Many legal professionals may have the vague sense that likeability is an asset. But what exactly makes a person likable or not? Why should legal professionals care about likeability? And what can they do to become more likable?
Here we take a look at these questions from a scientific perspective.
Once you know the scientific basis for being likable, you can also take a scientific approach to increasing your likeability and advancing your career.
What makes somebody likable?
While we all can make anecdotal observations of why people are likable, there is actually some scientific basis for certain elements of likeability.
Benefits of curiosity
Research indicates that curiosity is one of the keys to likeability.
Part of the reason for this is that curious people form better connections with others, including total strangers.
In addition, curious people tend to be less aggressive and handle social rejection better — both of which lead to better relationships.
Finally, curious people simply enjoy socializing more and can become more likable by doing so. That genuine desire to discover more about people makes you more appealing and drives you to make more connections.
Perceptions of similarity
Studies show that a person’s perception of your similarity to them will tend to make you more likable to that person. In other words, you like people when you think you share things in common.
Some of the proposed reasons for this phenomenon are as follows:
- Consensual validation, where meeting people who share your values makes you feel validated for holding those values;
- Cognitive evaluation, which causes you to feel positive about this person because you feel positive about yourself; and
- Higher certainty of being liked by someone who is similar to you.
Other scientific bases for likeability
The Pratfall Effect is one basis for likeability that would likely not occur to many in the legal profession. This refers to the tendency for someone to be seen as more likable if they commit a minor mistake, while those perceived as “perfect” can actually be less likable.
But remember the emphasis on a minor mistake — we’re talking about spilling a cup of coffee, not blowing a court deadline.
Another factor is the phenomenon of spontaneous trait transference — the tendency for communicators to be perceived as having traits they merely describe in others.
This suggests you should be wary of speaking negatively about others, as your listeners may assume you possess the same negative traits you are attempting to pin on others. Fortunately, when you speak positively, people associate all of those positive emotions with you, too.
Why likeability matters in the legal profession
There are a host of reasons likeability should matter to lawyers and other legal professionals. Winning over judges and juries, snagging new clients, networking well, being promoted and making partner — all these are solid bases for prioritizing likeability.
But is there research that demonstrates these benefits?

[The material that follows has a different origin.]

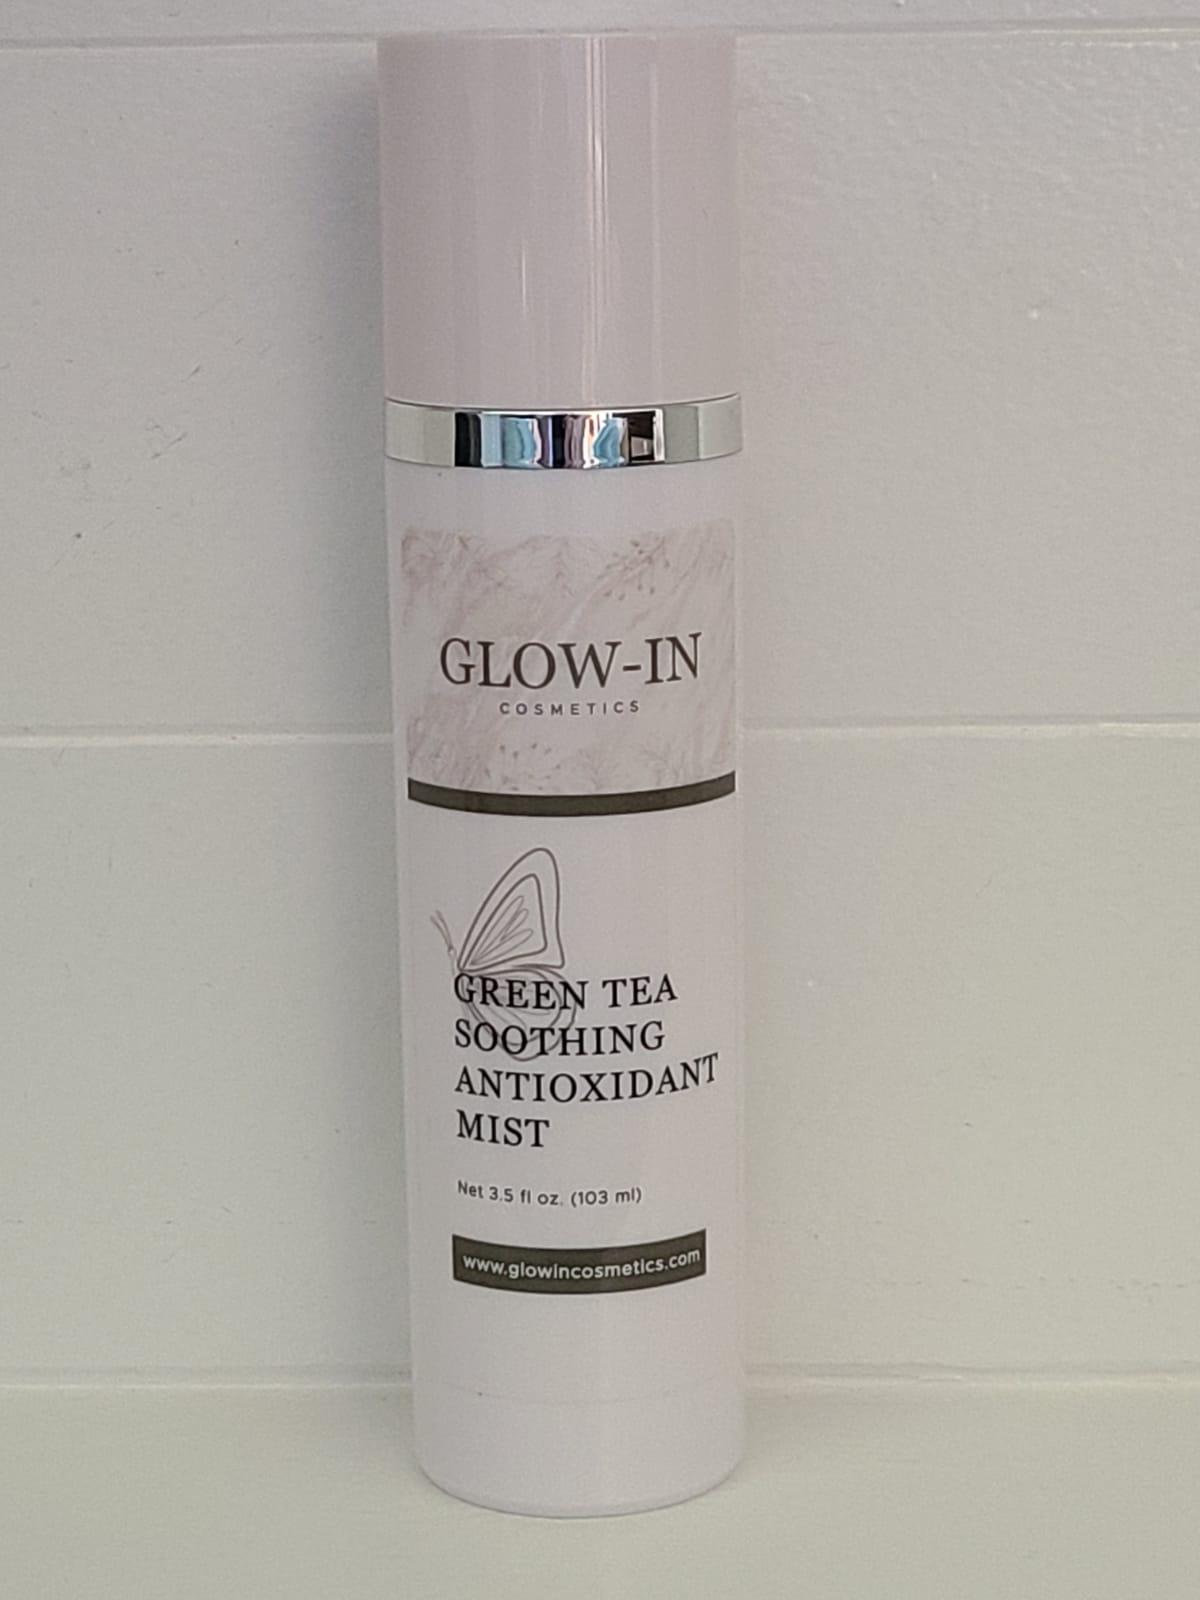 Green Tea Soothing Antioxidant Mist

In fact, research has shown that juries find likable expert witnesses to be more credible.
If this phenomenon applies to expert witnesses, there is reason to believe it also applies to trial attorneys.
Likeability also positively influences a partner’s willingness to engage in collaboration — something to keep in mind when your client is being especially difficult.
And remember what we said about curiosity being a key to likeability? It turns out there are other benefits of curiosity, such as its ability to stimulate memory and learning. Cultivating a sense of curiosity has a positive effect on both likeability and some key mental functions for practicing law at a high level. Cool, right?
How legal professionals can become more likable
There is a great deal of anecdotal experience about how to become more likable, and much of it is quite valuable.
For example, being a better listener, asking follow-up questions, and finding common ground with others are all keys to likeability. You can also try making eye contact during conversation, smiling, and showing enthusiasm.
In light of the importance of curiosity, it makes sense to focus on that aspect of your personality.
While research may not be clear on how curiosity can be enhanced, it is likely to be a trainable skill, just like generosity and empathy.
Asking open-ended questions, listening carefully to the responses, and asking follow-up questions will do more than get you information. These actions will also enhance your own curiosity and thus your likeability.
If you feel like you need a change in your overall mindset to become more curious, try techniques like meditation and journaling.
Another scientifically proven way to become more likable is to have frequent interactions with another person.
In the days of increasingly common remote work environments, it is well worth remembering that face time can go a long way. In addition, providing information about yourself can decrease the likelihood of a person’s negative stereotype affecting their perception of you.
In the arsenal of skills and traits required in the legal profession, likeability is often not one of the first to come to mind. But as we can see, there are plenty of reasons for lawyers and legal professionals to prioritize their likeability, along with research-backed methods of improving in this area.